China has played a constructive role in promoting peace and reconciliation in Afghanistan and is welcome to contribute to the rebuilding of the country, Taliban spokesman Suhail Shaheen told Chinese state media.
Taliban terrorists seized control over the weekend in an upheaval that sent thousands of civilians and Afghan military allies fleeing for safety. Many fear a return to the austere interpretation of Islamic law imposed during the previous Taliban rule that ended 20 years ago.
In dealing with the Taliban, an increasingly powerful China may be able to leverage the fact that unlike Russia and the United States, it has not fought in Afghanistan.
“China is a big country with a huge economy and capacity – I think they can play a very big role in the rebuilding, rehabilitation, reconstruction of Afghanistan,” Shaheen told CGTN television in an interview late on Thursday.
During Chinese Foreign Minister Wang Yi’s meeting with a Taliban delegation in the northern Chinese port city of Tianjin last month, he said he hoped Afghanistan could adopt a moderate Islamist policy.

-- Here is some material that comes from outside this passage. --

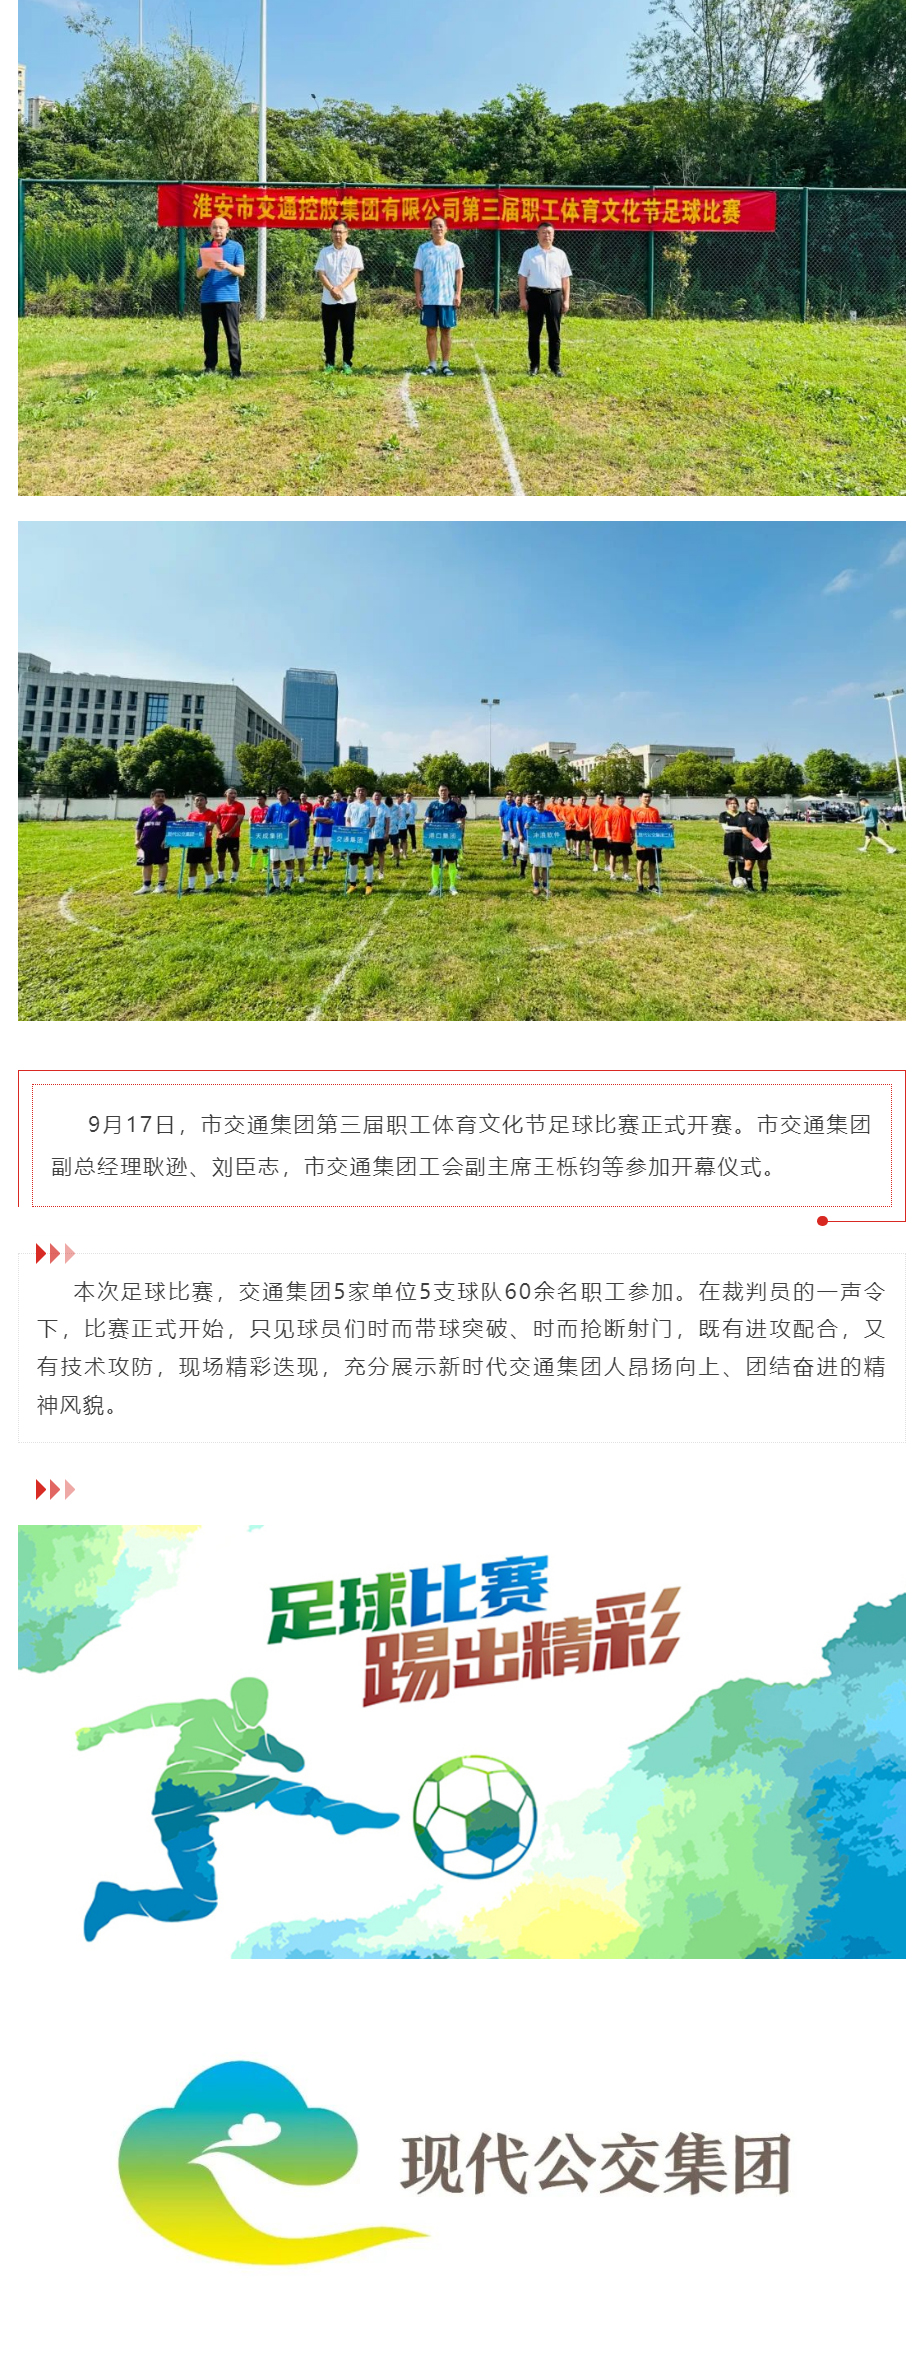 市交通集团第三届职工体育文化节足球比赛正式开赛
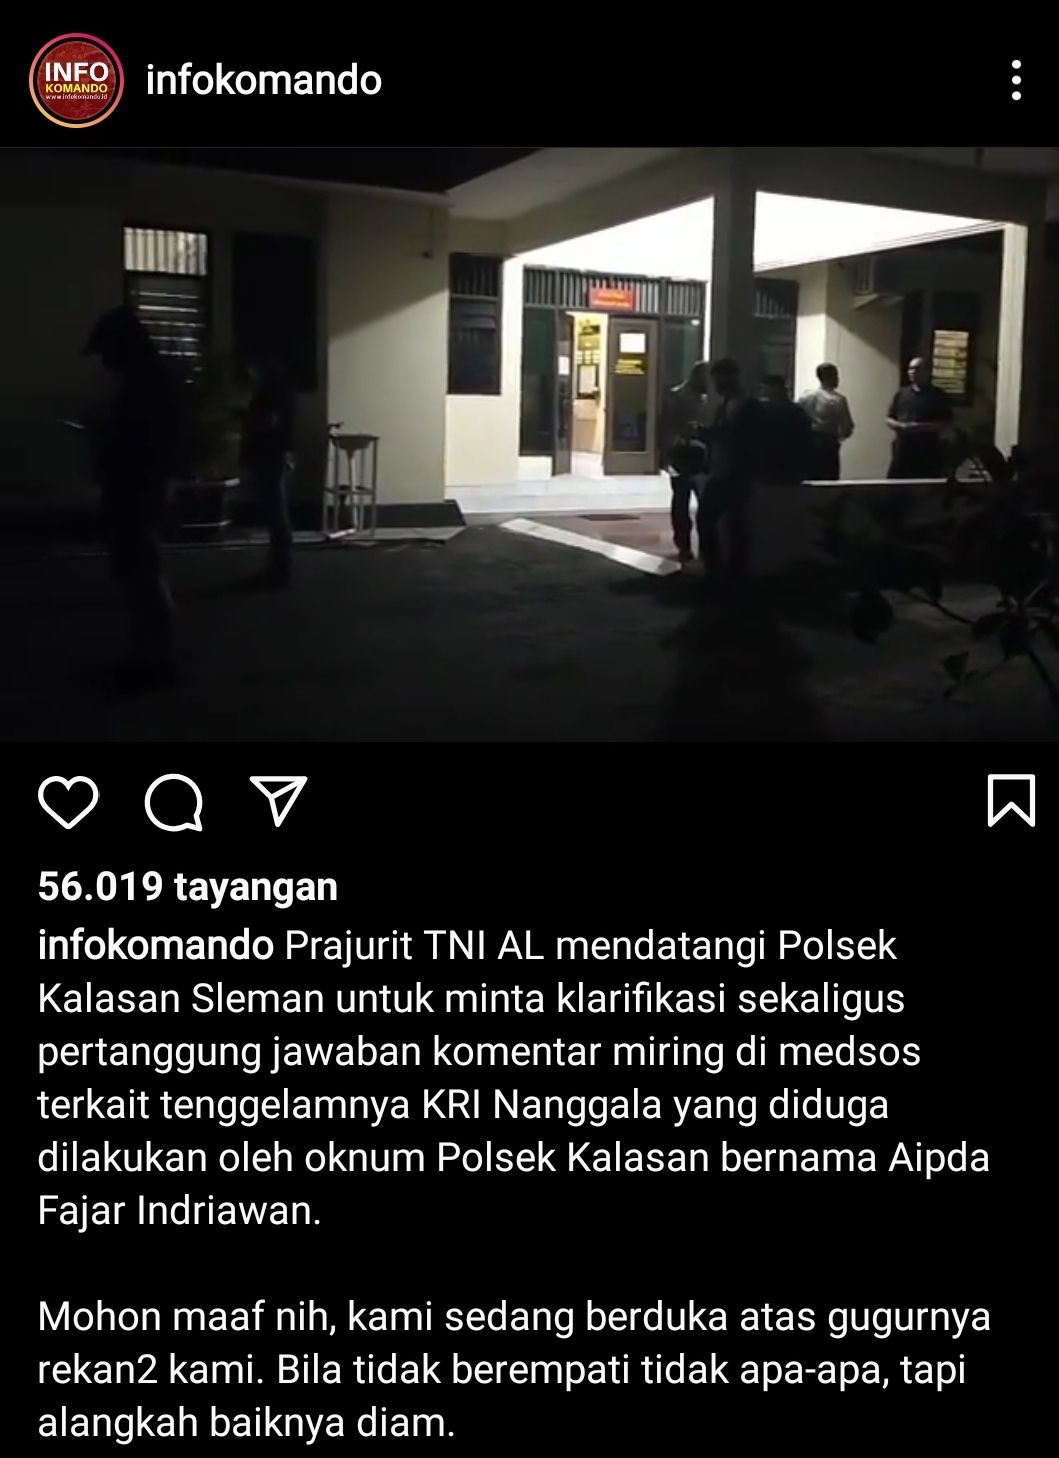 Twngkapan layar sekelompok prajurit TNI AL mendatangi Polsek Kalasan

China has cited religious extremism as a destabilizing force in its western Xinjiang region and has long worried that Taliban-controlled territory would be used to harbour separatist forces.
China eyes Afghan rare-earth mines
China appears to be eyeing to clinch lucrative projects to exploit mineral-rich Afghanistan, especially the trillions of dollars’ worth of rare-earth metals, as it calibrated its policy to recognise the Taliban government.
Rare-earth metals in Afghanistan were estimated to be worth anywhere between USD one trillion to USD three trillion in 2020, a CNBC report this week quoted Ahmad Shah Katawazai, a former diplomat at the Afghan Embassy in Washington.
Rare-earth metals are a key component for a host of advanced technologies like IPhones and hi-tech missile guidance systems.
On Wednesday, China said it will decide on extending diplomatic recognition to the Taliban in Afghanistan after the formation of the government in the country, which it hoped would be “open, inclusive and broadly representative”.
The rare-earth metals are used in rechargeable batteries for electric and hybrid cars, advanced ceramics, computers, DVD players, wind turbines, catalysts in cars and oil refineries, monitors, televisions, lighting, lasers, fibre optics, superconductors and glass polishing.
According to a report by the Centre for Strategic and International Studies (CSIS), China provides more than 85 per cent of the world’s rare earths and it is home to about two-thirds of the global supply of rare metals and minerals like antimony and barite. At the height of the trade war with the US in 2019, China threatened to regulate the metals exports which could cause serious shortages of raw materials for the American high-tech industry.